Par Elodie Fricot, chargée d'études à l'Adri



Les enfants migrants ou demandeurs d'asile sont de plus en plus nombreux depuis quelques années, Prostitution. errance.. de nombreux dangers guettent ces mineurs étrangers. Les institutions qui tentent de leur venir en aide disposent d'un cadre légal très étoffé, mais de faibles moyens matériels et humains.

L'arrivée en France d'enfants non accompagnés, venant de pays en guerre ou fuyant la misère, n'est pas un phénomène récent. Mais depuis deux ans, l'augmentation des chiffres lui a donné une visibilité nouvelle. Jusqu'en 1998, l'Aide sociale à l'enfance (Ase) de Paris accueillait chaque année environ cinquante mineurs. Un nombre relativement absorbable par les institutions. Puis ils sont passés à 209 en 1999, 292 en 2000, et 527 en 2001. Entre le 1er janvier et le 15 juillet 2002, l'Ase estime que plus de 430 mineurs se sont présentés dans leurs services.

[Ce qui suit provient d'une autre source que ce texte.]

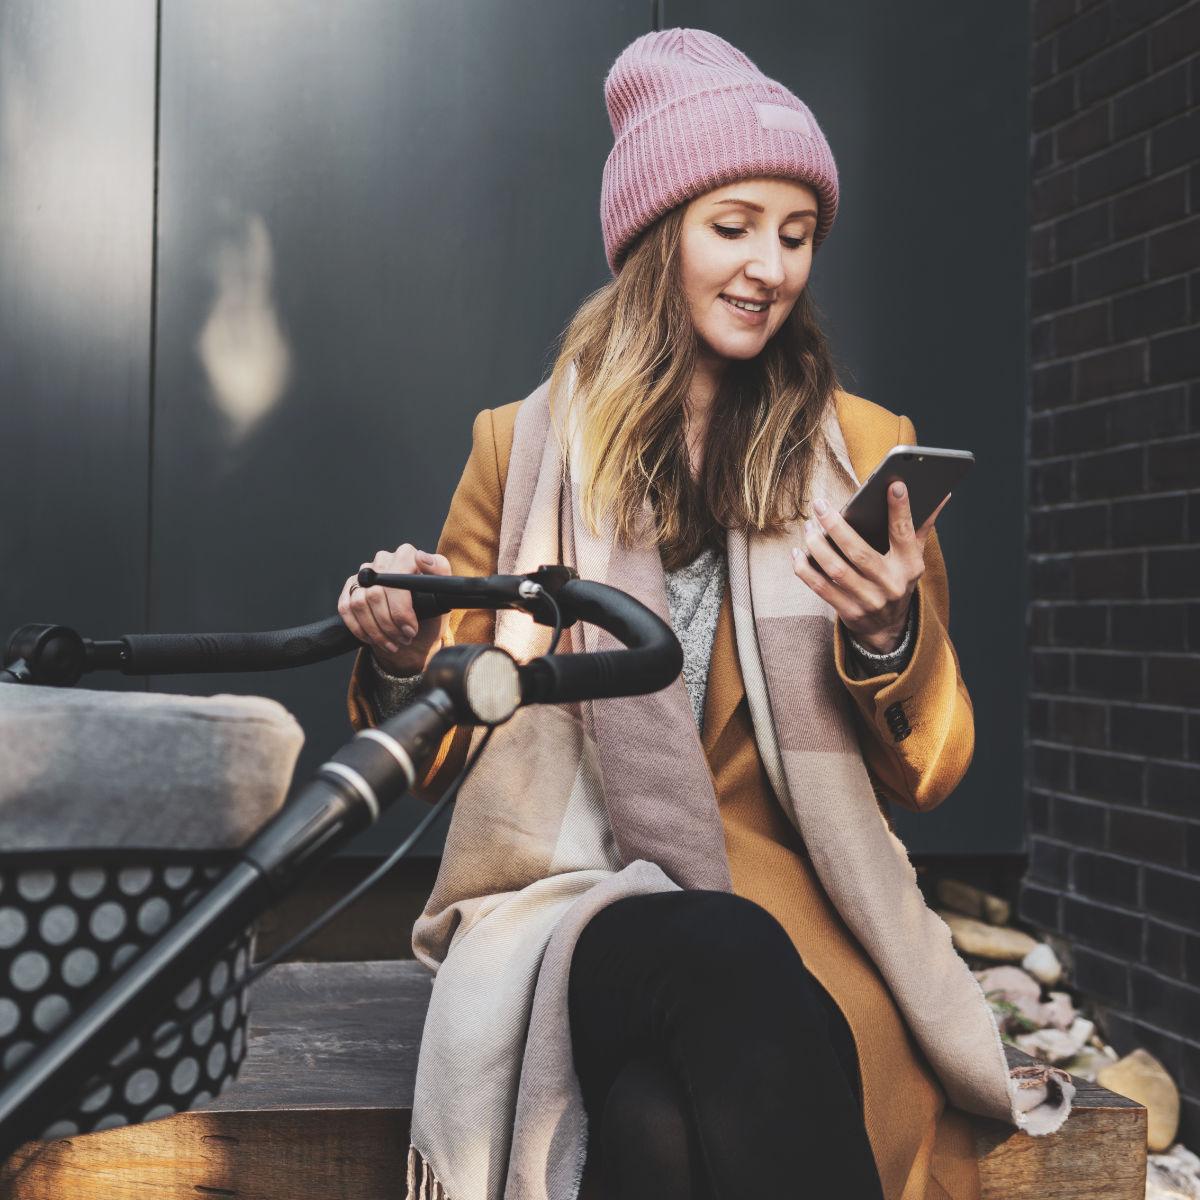 stylink, Vergütungsplattform für Influencer, Instagram Geld verdienen, YouTube Geld verdienen, Mamiblogger, Blog

La secrétaire d'État à la lutte contre la précarité et l'exclusion, Dominique Versini, avait dans un premier temps évalué le nombre de ces enfants "entre 1 000 et 5 000". Le 4 septembre dernier, dans une communication en conseil des ministres, elle a ajouté que 1475 d'entre eux avaient déposé une demande d'asile en 2001, mais que ce chiffre sous-estimait l'ampleur du phénomène.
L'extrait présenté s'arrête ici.